Enquanto esse fato, por si só, não determina uma crise imobiliária, corrobora para o cenário que estamos vivendo de uma economia global que já está desacelerando e corre o risco de cair em recessão. É importante, nos próximos meses, monitorarmos como os agentes financeiros vão reagir a esse cenário e quanto o crédito imobiliário pode diminuir à luz do aumento dos riscos na concessão de crédito.

O fato é que a queda dos preços dos imóveis corrói a riqueza das famílias, prejudica a confiança dos consumidores e, potencialmente, restringe o desenvolvimento futuro de ativos.
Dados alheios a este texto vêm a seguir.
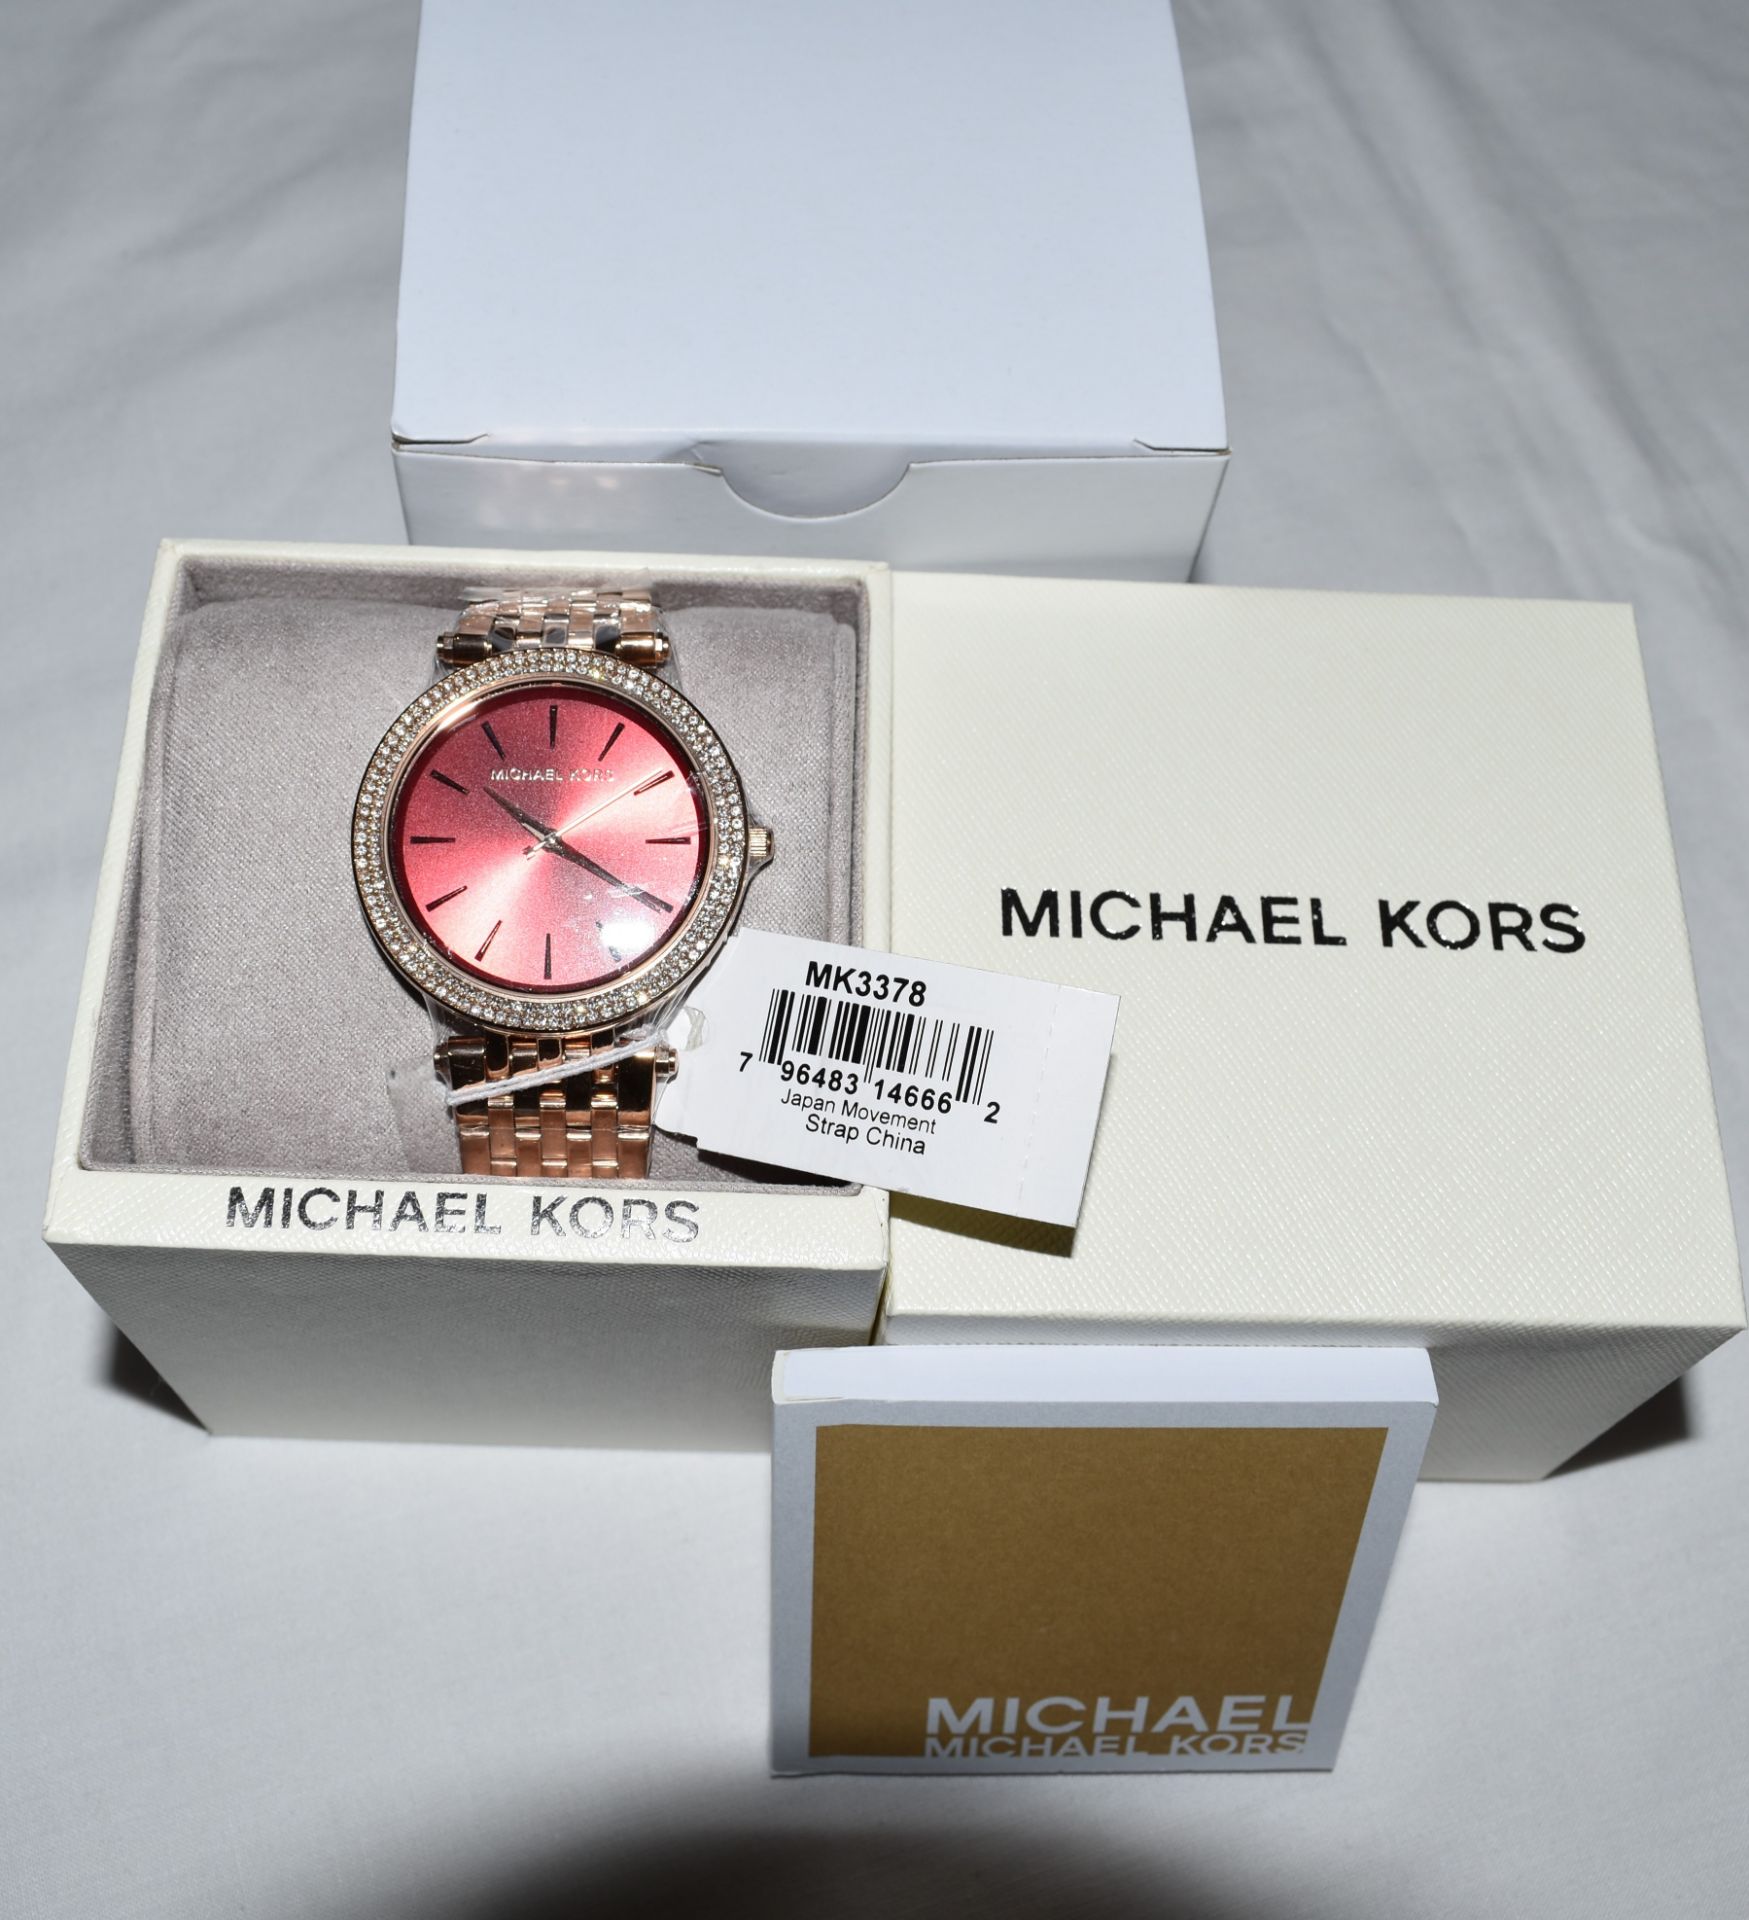 Michael Kors MK3378 Ladies Watch - Image 2 of 2

Outro ponto de atenção é o aumento da inadimplência nos financiamentos imobiliários. Com o crescimento das taxas de juros básicas, os créditos de habitação atrelados às taxas variáveis também começam a subir. Enfrenta-se, assim, o risco de descumprimento contratual e redução da disposição dos bancos para conceder crédito.

Por outro lado, mesmo com mais cautela e um cenário que parece não ser tão positivo, os investidores ainda enxergam muitas oportunidades nos mercados no longo prazo, principalmente em setores como moradia para renda (“build-to-rent”), moradia estudantil (“student housing”), logística, data center e moradia para idosos (“senior living”).
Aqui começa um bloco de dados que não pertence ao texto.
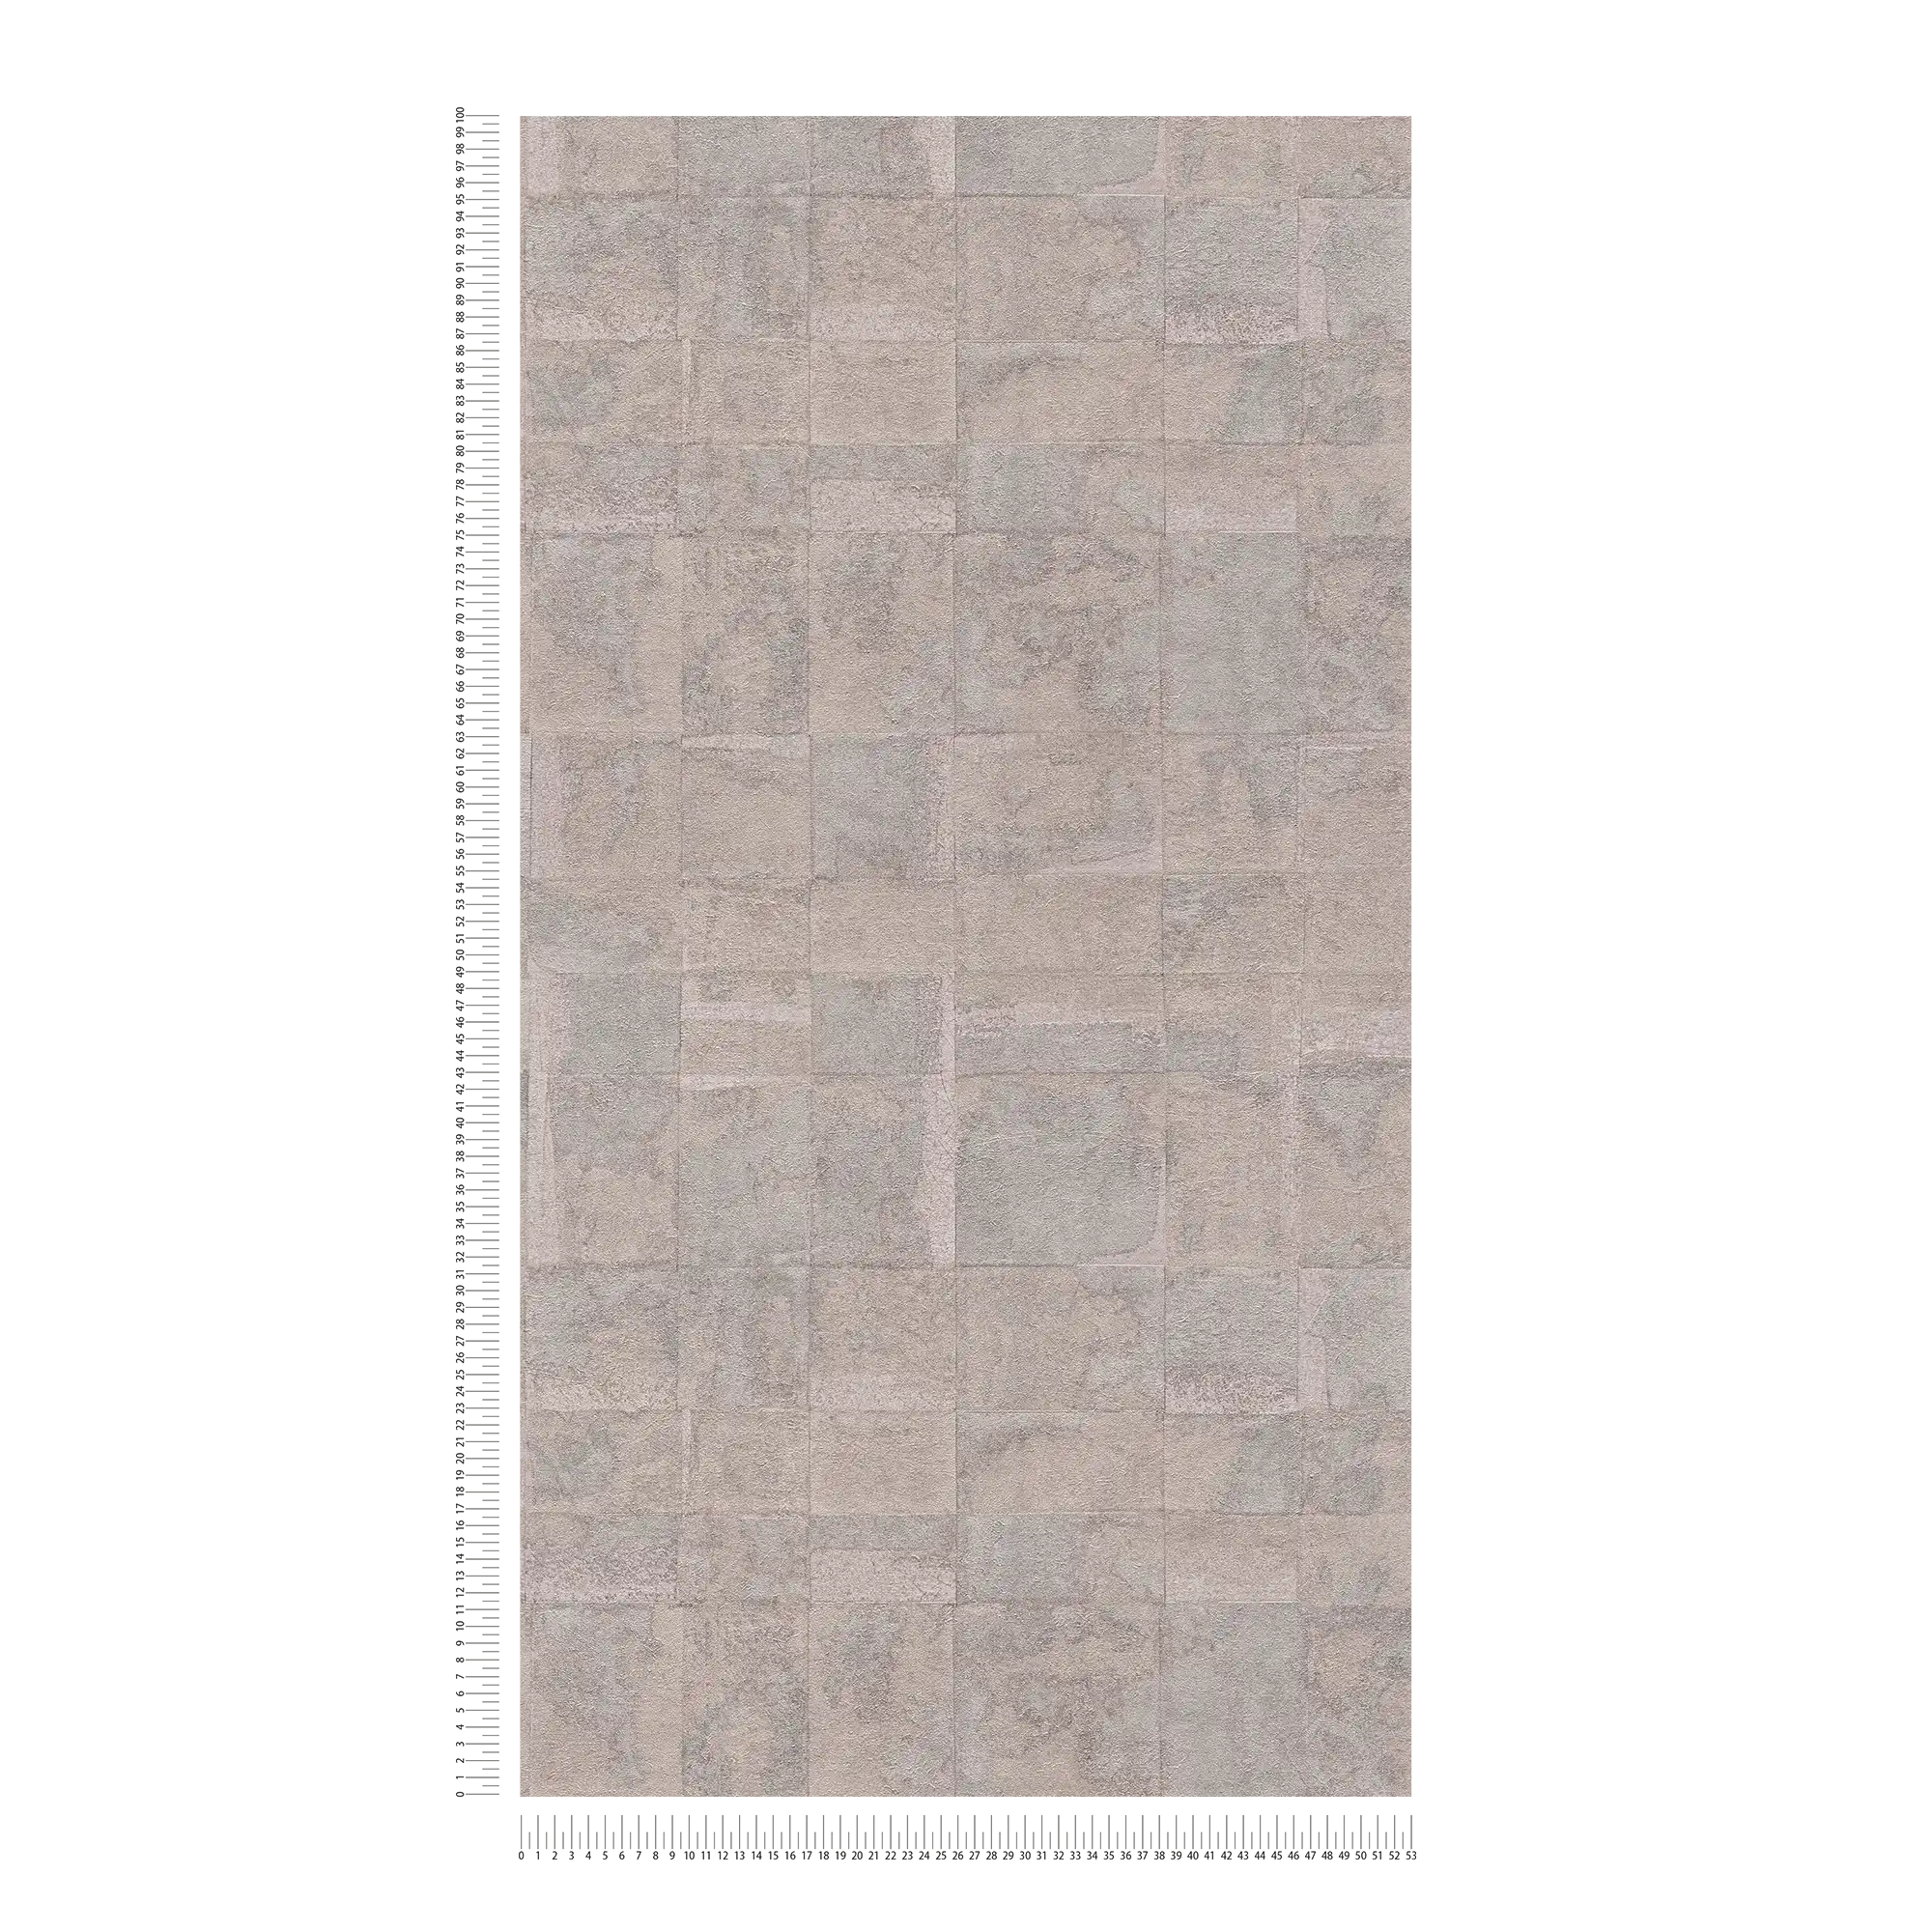             Carta da parati non tessuta con motivo a piastrelle ed effetto patina - beige, grigio

No Brasil, o mercado de build-to-rent, ou “construir para alugar”, tem ganhado interessados entre investidores internacionais, ainda que de forma tímida frente às potenciais oportunidades no país. O principal desafio levantado na atração de investidores é o mesmo há tempos: o risco cambial. Nesse sentido, a previsibilidade do novo governo nos aspectos econômicos e fiscais será fator determinante para atrairmos capital estrangeiro de longo prazo para o setor.

Até pouco tempo atrás, fundos com imóveis residenciais para renda eram inexistentes por aqui. Ativos como shopping centers e escritórios, com seu mercado mais consolidado, tinham oferta maior. Hoje, o segmento conta com cinco fundos listados, representativos de menos de 1% da indústria de fundos imobiliários.
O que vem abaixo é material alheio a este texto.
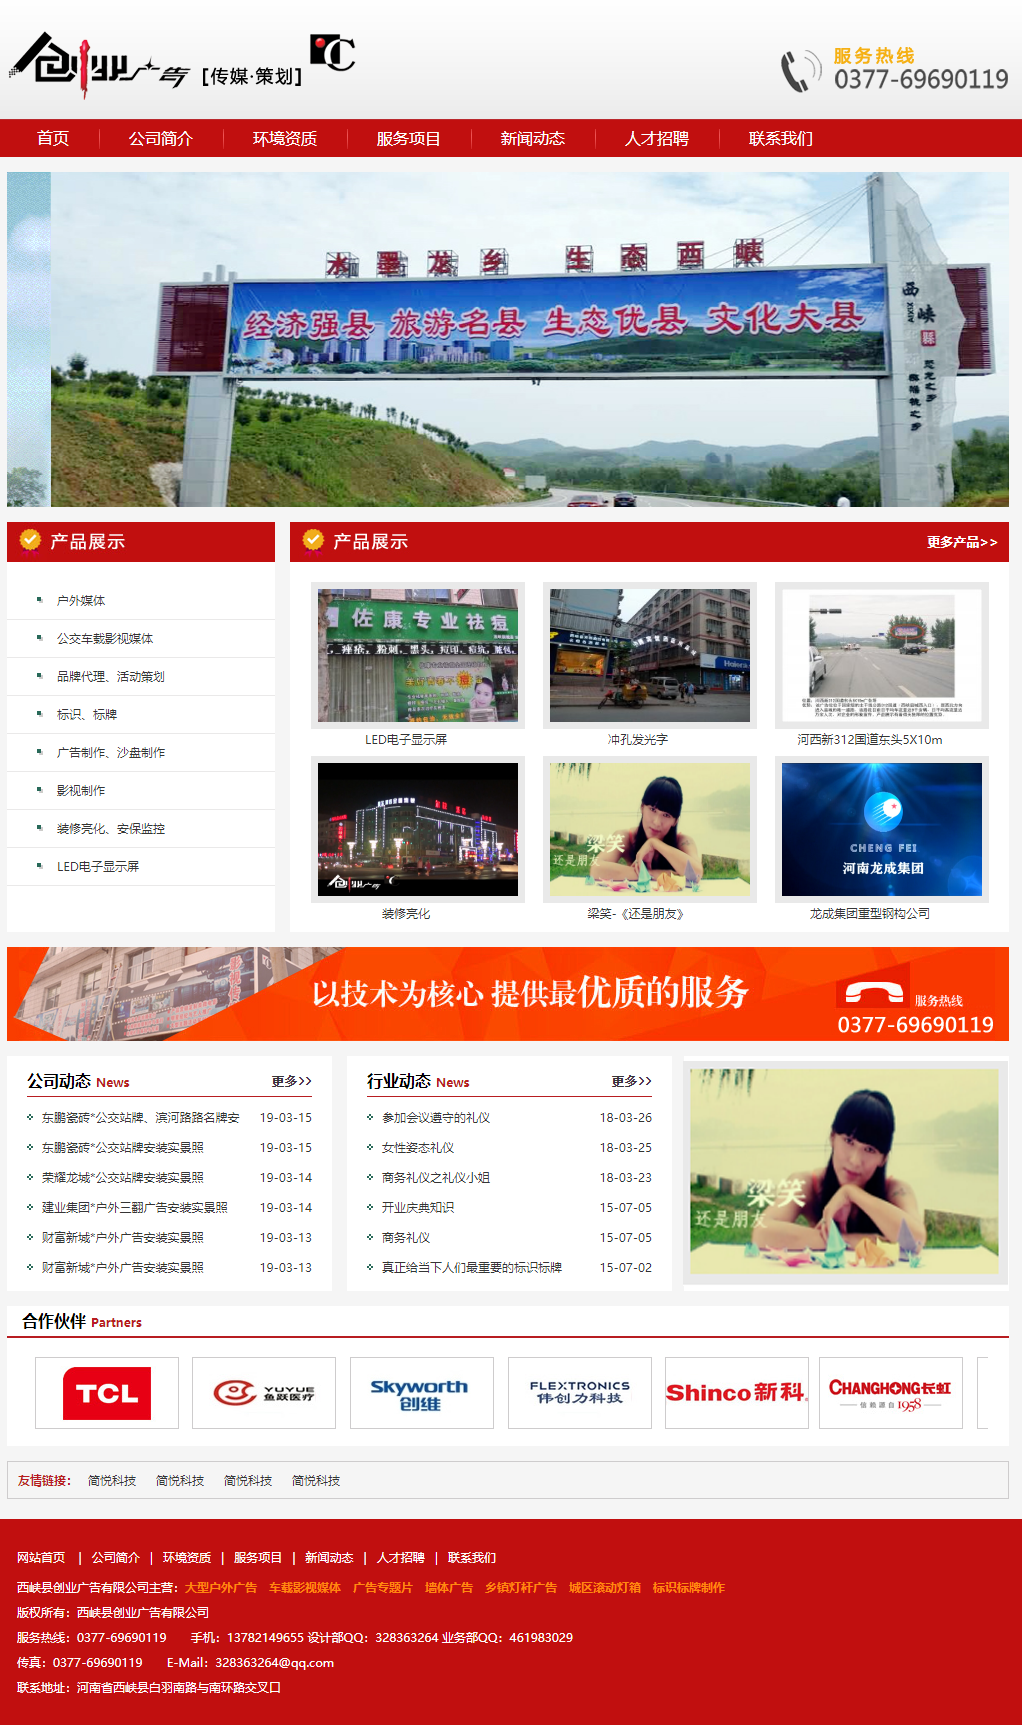 西峡县创业广告有限公司.png

O racional é o de que os fundos imobiliários residenciais possuem um potencial de valorização maior do que outros imóveis. Para o investidor, a estratégia é uma alternativa rentável para quem busca renda de aluguel sem as dores de cabeça de quem adquire um imóvel e depois o coloca para alugar.

As mudanças de comportamento das novas gerações, mais afeitas à cultura do compartilhamento, têm feito esse modelo crescer em todo o mundo. Nos Estados Unidos, por exemplo, essa modalidade representa 80% do segmento de aluguel no setor imobiliário.

Também merece destaque na discussão realizada no evento o ESG no mercado imobiliário – um debate que começa a aparecer aqui no Brasil, mas não com a força que já ganhou no estrangeiro. A percepção geral é que esse é um caminho sem volta. Ainda que muitos possam não observar um claro benefício econômico no curto prazo, investimentos em “empreendimentos verdes” são feitos com o objetivo de não se ter ativos obsoletos em um futuro próximo.

Como já está ocorrendo na Europa, vejo um cenário, não tão distante aqui no Brasil, em que instituições financeiras passem a mensurar com muito mais rigor os impactos de carbono em seus portfólios de empréstimos, fazendo assim com que diversos investidores institucionais passem a não mais financiar com tanta veemência projetos sem essa pegada. Não resta outro caminho senão esse. É preciso agir com inteligência e muito estudo de mercado para dar os próximos passos com segurança.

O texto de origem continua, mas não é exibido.